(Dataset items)
▼▼▼
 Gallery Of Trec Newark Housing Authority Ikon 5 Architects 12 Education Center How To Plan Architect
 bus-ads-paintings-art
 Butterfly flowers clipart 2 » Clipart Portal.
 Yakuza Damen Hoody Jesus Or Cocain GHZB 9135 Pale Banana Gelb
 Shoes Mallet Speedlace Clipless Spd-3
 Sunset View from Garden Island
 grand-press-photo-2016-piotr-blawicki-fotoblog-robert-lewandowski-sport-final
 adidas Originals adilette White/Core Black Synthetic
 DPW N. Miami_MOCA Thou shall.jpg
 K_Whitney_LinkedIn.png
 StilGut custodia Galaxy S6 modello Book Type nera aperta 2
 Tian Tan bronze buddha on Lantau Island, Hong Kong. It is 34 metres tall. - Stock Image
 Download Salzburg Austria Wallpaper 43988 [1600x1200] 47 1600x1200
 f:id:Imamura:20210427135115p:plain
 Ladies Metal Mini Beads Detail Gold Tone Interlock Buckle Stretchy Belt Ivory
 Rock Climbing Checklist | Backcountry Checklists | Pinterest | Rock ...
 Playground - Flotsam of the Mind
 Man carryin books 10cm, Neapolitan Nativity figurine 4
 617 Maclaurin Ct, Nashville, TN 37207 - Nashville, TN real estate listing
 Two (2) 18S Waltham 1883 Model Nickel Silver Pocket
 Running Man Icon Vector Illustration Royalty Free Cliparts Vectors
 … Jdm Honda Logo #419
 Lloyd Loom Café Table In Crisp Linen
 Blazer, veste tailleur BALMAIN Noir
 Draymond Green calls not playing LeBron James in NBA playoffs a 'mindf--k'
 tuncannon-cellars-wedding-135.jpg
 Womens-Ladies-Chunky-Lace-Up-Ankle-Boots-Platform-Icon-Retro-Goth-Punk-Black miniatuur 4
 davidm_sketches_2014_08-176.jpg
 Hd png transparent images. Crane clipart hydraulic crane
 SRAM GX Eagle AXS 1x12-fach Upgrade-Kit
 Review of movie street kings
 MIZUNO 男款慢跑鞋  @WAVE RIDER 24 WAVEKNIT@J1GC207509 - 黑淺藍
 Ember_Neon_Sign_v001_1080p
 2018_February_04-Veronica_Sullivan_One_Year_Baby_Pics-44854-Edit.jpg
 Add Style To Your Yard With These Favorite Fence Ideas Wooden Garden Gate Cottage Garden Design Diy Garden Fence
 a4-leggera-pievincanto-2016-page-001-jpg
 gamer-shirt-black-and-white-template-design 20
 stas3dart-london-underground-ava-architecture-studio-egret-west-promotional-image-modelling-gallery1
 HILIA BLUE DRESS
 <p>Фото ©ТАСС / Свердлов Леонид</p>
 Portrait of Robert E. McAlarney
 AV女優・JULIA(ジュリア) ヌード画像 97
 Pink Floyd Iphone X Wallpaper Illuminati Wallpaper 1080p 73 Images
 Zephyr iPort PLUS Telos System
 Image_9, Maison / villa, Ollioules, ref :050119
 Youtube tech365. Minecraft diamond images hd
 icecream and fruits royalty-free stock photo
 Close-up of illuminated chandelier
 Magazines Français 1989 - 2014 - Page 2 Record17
▲▲▲
WHAT NEEDS TO BE DONE :: The lines above from the one containing "Shoes Mallet Speedlace Clipless Spd-3" through the one containing "StilGut custodia Galaxy" are to be set down exactly, and no others.

WRITTEN SOLUTION ::
 Shoes Mallet Speedlace Clipless Spd-3
 Sunset View from Garden Island
 grand-press-photo-2016-piotr-blawicki-fotoblog-robert-lewandowski-sport-final
 adidas Originals adilette White/Core Black Synthetic
 DPW N. Miami_MOCA Thou shall.jpg
 K_Whitney_LinkedIn.png
 StilGut custodia Galaxy S6 modello Book Type nera aperta 2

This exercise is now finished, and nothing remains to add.